Unutmayın: Kanunsuz iş yapan her kes suç işliyor demektir. Suçluyu; bölgede ve Türkiye genelinde şikayet edebileceğiniz çok merci ve makam var. Size karşı bir kanunsuz teklif, dayatma veya şaibeli bir durum varsa; en yakınınızdaki güvenilir biriyle, üst makamlarla, bir avukatla paylaşmaktan çekinmeyin. Gerekirse medyaya yazmaktan da çekinmeyin!

Bilinmeli ki; bilgili olan güçlüdür!

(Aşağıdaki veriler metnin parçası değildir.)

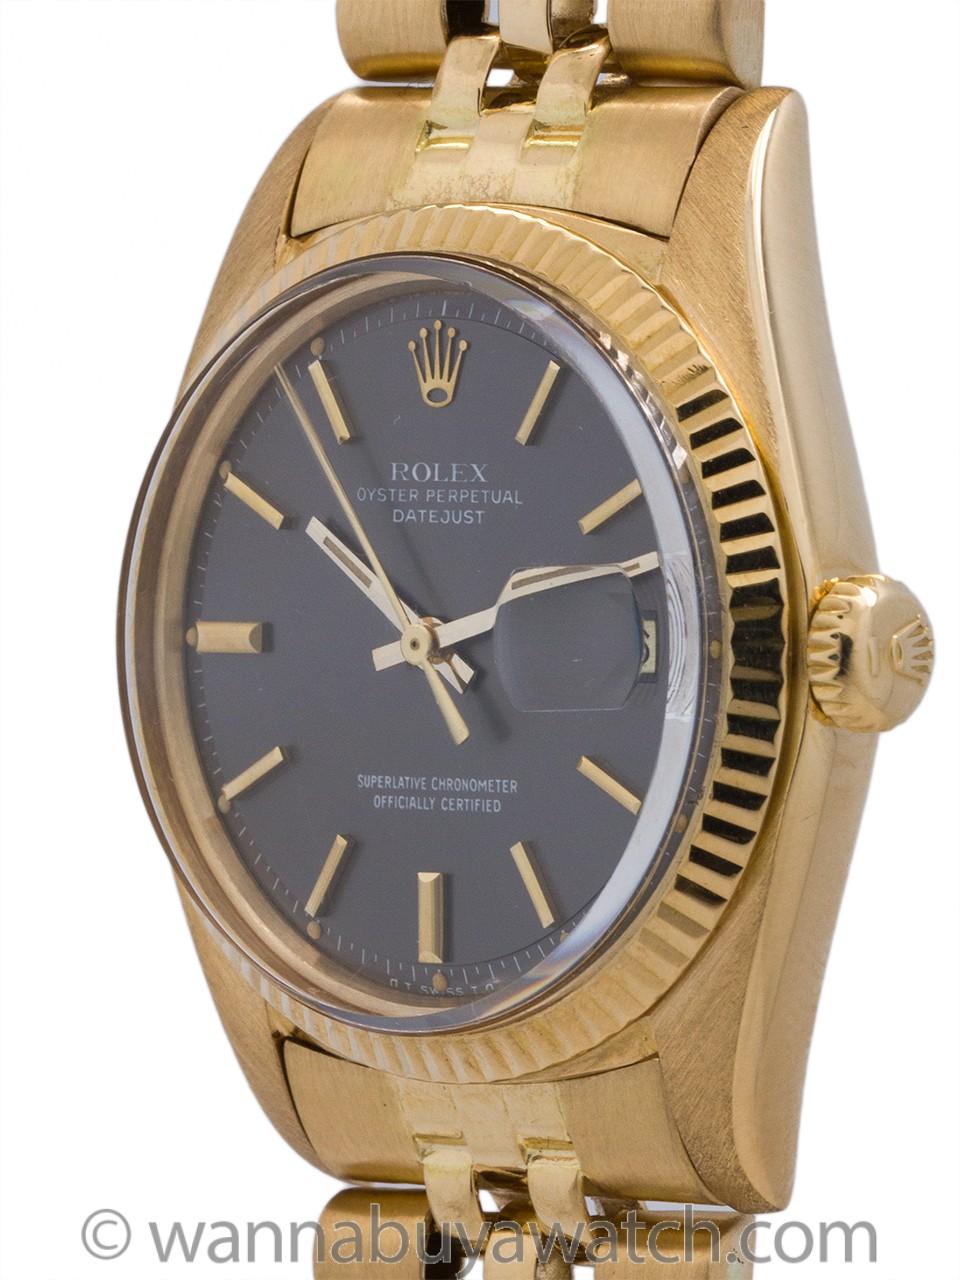 Rolex 18K Gold Datejust ref 1601 Gray Dial circa 1974

Batı’da genellerin sakındığı şaibeli işlerden, Doğu’da, en alt birimlerdekiler çekinmiyorsa; bunda bölge insanının payı vardır vesselam!

HİSSE:

1-Müslüman ülkenin ayağa kalkması çok zor! Hele hele “Osmanlıyı Halifesiyle, şer’î yasasıyla..” tasfiye eden Emperyalist Haçlının dayattığı yasalarla hiç kolay değildir.

Bizane: gîha dibe bost, dijmin nabe dost lo! (..Düşman dost olmaz!)

Unutma! Müslüman coğrafyalar özellikle de kıt kaynakları, Müslümanlara bırakılacak kadar değersiz değildir.

Siyonist H. Keshenger ne demişti? “Petrol, Araplara bırakılacak kadar değersiz değildir!” 

2- HELALLEŞME, bu aralar siyasilerde moda.

Çima bavo we xêr e? (Hayırdır?) Taşlaşmış, asırlık çukurlara yuvarlanan Kütükler dahi imana gelip helalleşmek istiyorsa kolayını diyeyim:

Alayınız halka, özellikle de Kürtlere borçlusunuz! Ne mi?

Şarkın gözbebeği, kanayan yarası olan İki Said’e, bir Seyyid’e; nice ağa ve beylere.. mezar taşını dahi çok gördünüz! Mezar Kazıkçıları olmak istemiyorsanız; bin yıllık vefa borcu ve kardeşlik adına; Dersimlimin deyimiyle Muhammed Ali Aşkına!

“Heyfa mi nayê kuştin u mirinê meran u şêran/ Ev ji mêran re ji beréde edet e/ Heyfa mi tê vê heyfe” (Şuna üzülüyorum):

 Şarkın bu Destanlarına iade-i itibar.. ve mezarları olsun! 

3-Milli Kahramanlar; son yüzyıldakiler ne kadar da birbirlerine benziyor?

Yazdıkları destanlar, tıpkıbasım; karakter ve yaşantıları, dost ve düşmanları.. Hele kavgaları! Fesubhanallah…! Aile içi tartışmalar gibi..

Mecnun’a sordum: “Akraba, ikiz.. beşiz değillerse; “How to Become a Tyrant ve Çöl Kraliçesi” filmlerini izle dedi. İzlediğim de ne göreyim lawo!!

Mimm? Te go HİİRÇ? (..Ayı mı dedin?) Haa! Hırç xedare lo!